As is often the case in ma'amarei Chazal, and in life itself, there is no bright line between right and wrong, and there are no easy answers. Nonetheless, forewarned is forearmed: one cannot just let things happen by default. Cautious and prudent parents need to face the issue and carefully consider what is right for their children, and to know that there is no perfect answer, and that whatever they decide involves a tradeoff. The best place to start is to have a religious mentor who has seen the reality of life, and to seek his or her advice. Assei lecha Rav, ve'histalek min hasafeik.


  1. R’SRH, z”l, lessons on chinuch derived from this parsha seem to rest on the midrash that teaches, obliquely, by way of explaining the reason for Isaaq’s blindness, that he was responsible for Esav’s actions. Is suggests that Isaaq, a man of the fields himself, to some extent, perhaps endeavored to education Esav in the manner or Yaqob, unable to acknowledge the difference in their innate character. But is this the case? Isn’t Esav’s status as a rasha indicated early on by the Torah’s description of his phenotype upon his birth? Or is this a description of potential and in fact the character that we are to associate with ruddy and hairiness could have been tempered?

    Shabbat shalom


  2. "So you have to decide which is better-- that your child is pure, an 'olah temimah' like Yitzchak, but unprepared to deal with the inevitable encounters we face in our lives, or that he is safe, in other words not as pure, but stronger in facing religious confrontation."
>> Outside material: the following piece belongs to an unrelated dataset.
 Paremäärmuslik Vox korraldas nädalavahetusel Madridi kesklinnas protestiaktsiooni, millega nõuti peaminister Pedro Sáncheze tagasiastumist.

    As a father of young children I dwell on this constantly. Additional words of advice are welcome...


  3. Akiva, I'm glad you noticed that; every single thinking parent has to wrestle with that issue. My wife and I have very different ideas about it. She believes in limited exposure (though we used to censor the newspaper's comic strips when the kids were very young), and I believe more in isolation. Truth is, we both more or less agree that you have to build a strong and pure base, and then to judiciously introduce the outside world and help them to deal with it. It's all a matter of degree, of dosage. Thank God, it worked out well for our kids, but I think that's all just zechus avos and my wife's endless prakim of tehillim and tears.
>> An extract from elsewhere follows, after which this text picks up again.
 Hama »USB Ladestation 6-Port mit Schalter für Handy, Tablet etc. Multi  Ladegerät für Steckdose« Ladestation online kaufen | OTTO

    As for Eisav's phenotype/genotype-- see Tosfos Brachos 10, where the Gemara says that Chizkiyahu saw that the child he would have would be a rasha. Tosfos says that this was a nevuah, not a inevitable outcome of Menashe's innate character; just that the fact was that this was the path Menashe would choose. Is this true with Eisav? I don't know. The expressions about 'zikuch' and so on imply the contrary. I'm not forming an opinion until I see something in a rishon.